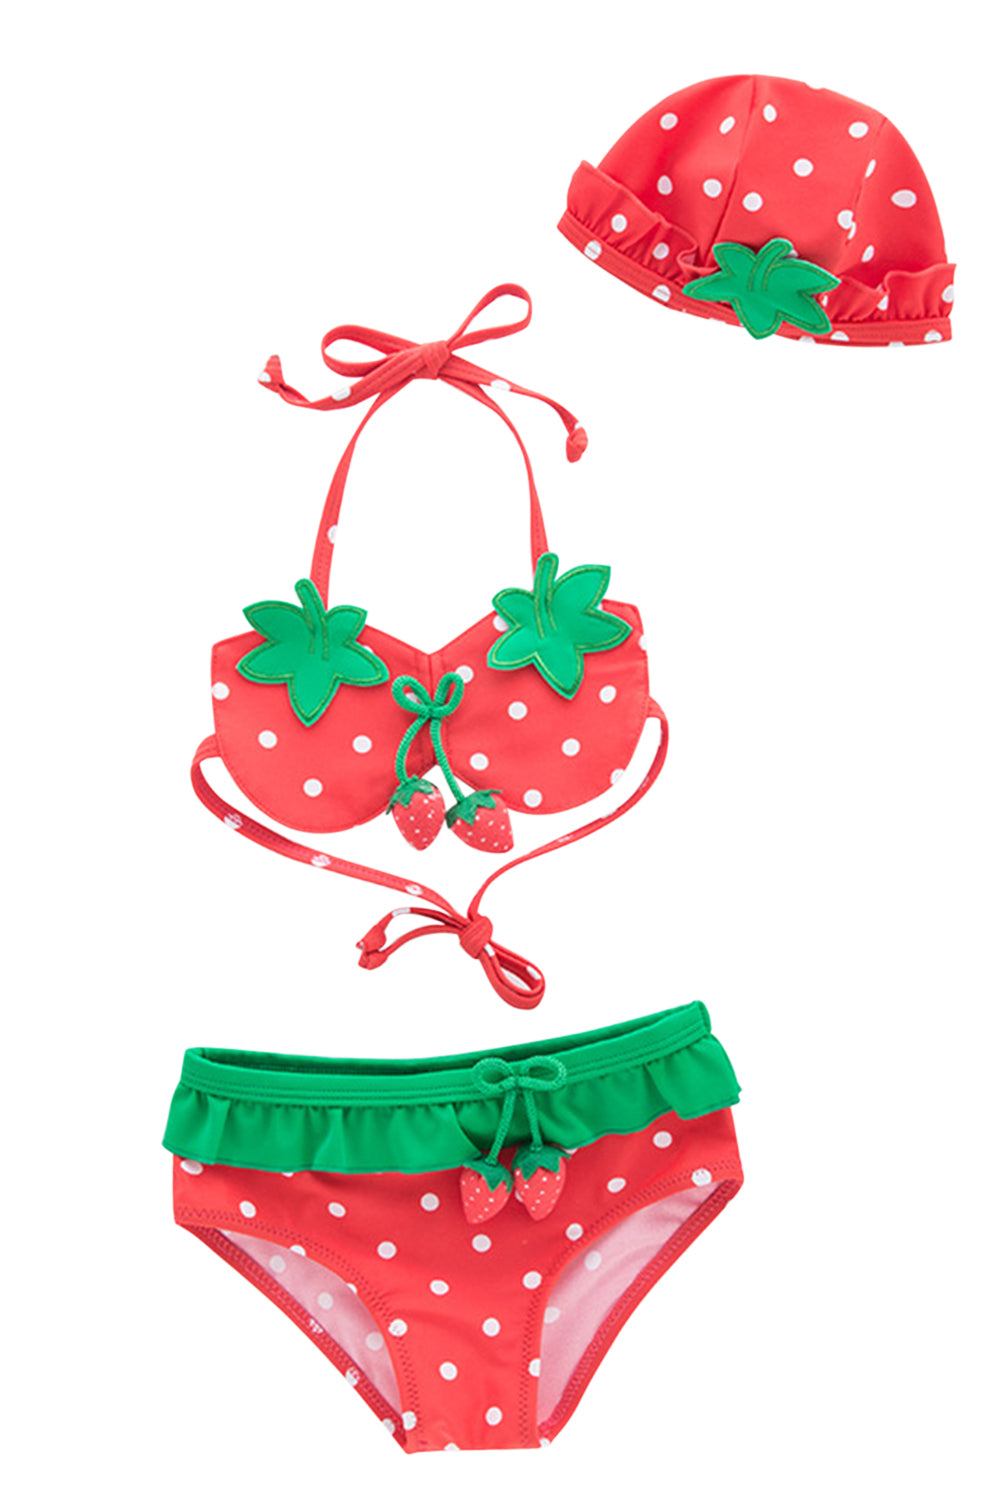 Iyasson Strawberry Printing Flounce Baby Girl Bikini Sets
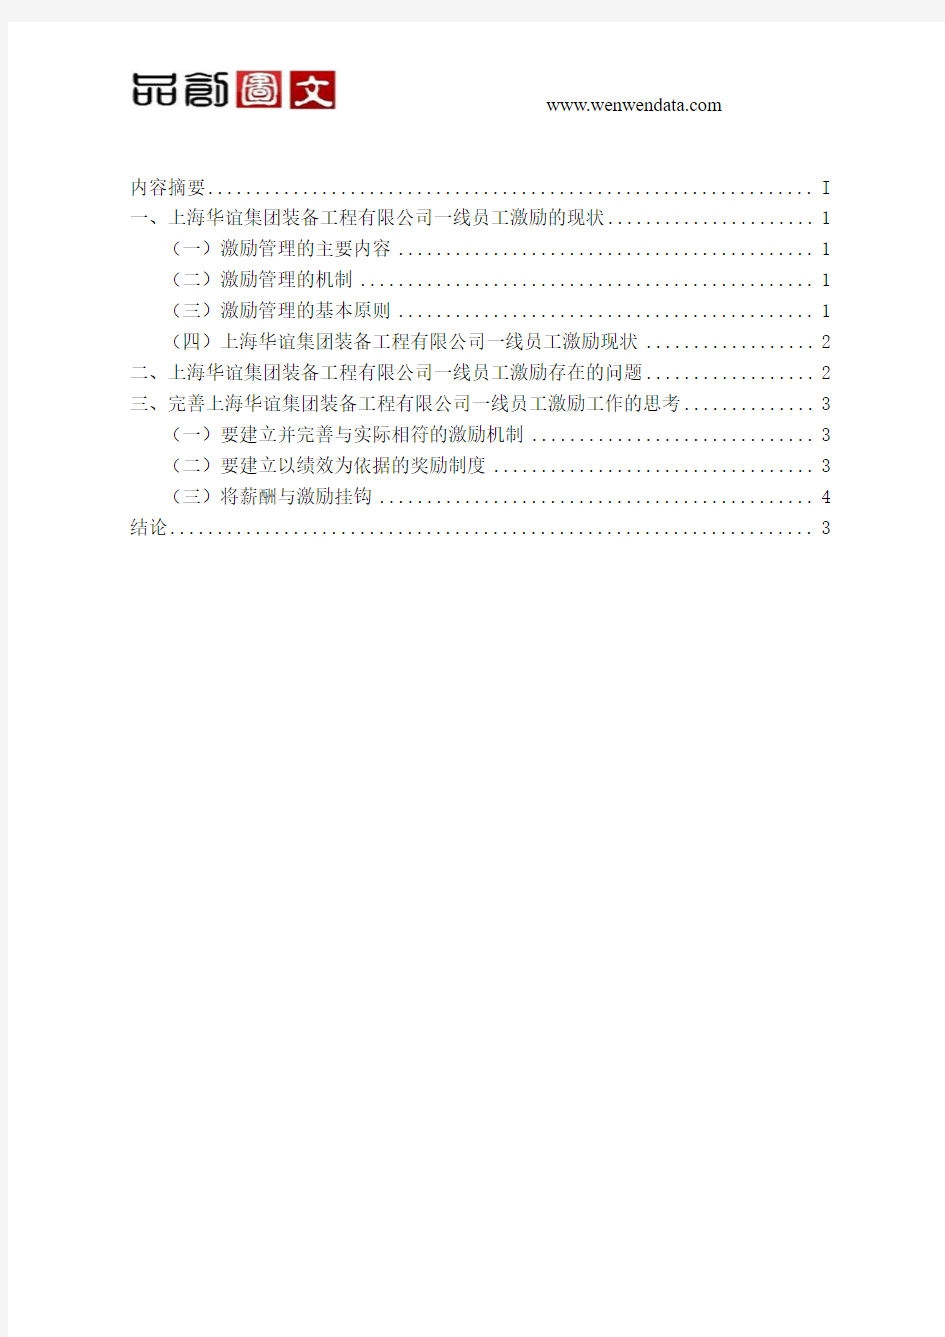 关于上海华谊集团装备工程有限公司一线员工激励的分析报告-毕业论文
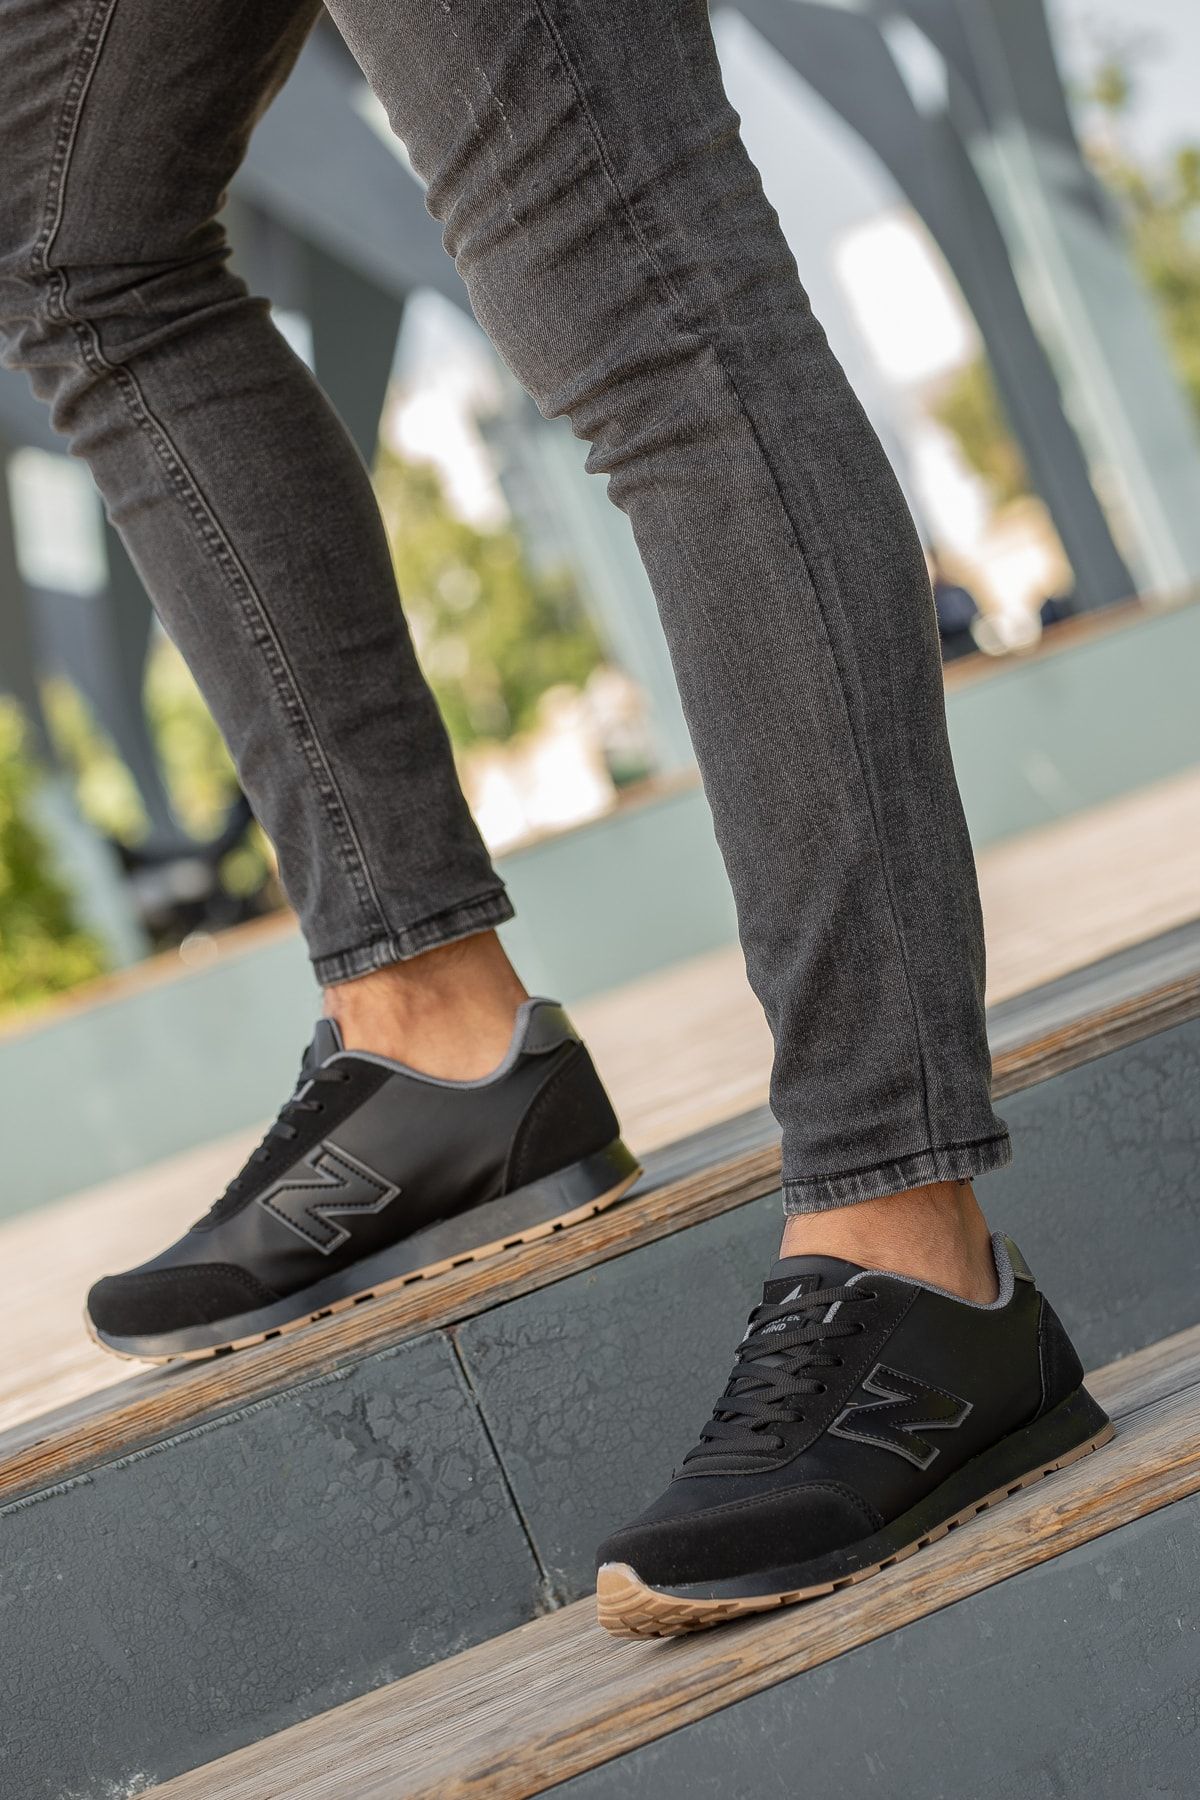 BOUIS Erkek Siyah Bağcıklı Düz Comfort Rahat Taban Casual Sneaker Esnek Yürüyüş Spor Ayakkabı

### Exercise directions:
Could each line of the data be written out exactly, with no pictures included?

### Response:
 Iyasson Strawberry Printing Flounce Baby Girl Bikini Sets
 关于上海华谊集团装备工程有限公司一线员工激励的分析报告-毕业论文
 BOUIS Erkek Siyah Bağcıklı Düz Comfort Rahat Taban Casual Sneaker Esnek Yürüyüş Spor Ayakkabı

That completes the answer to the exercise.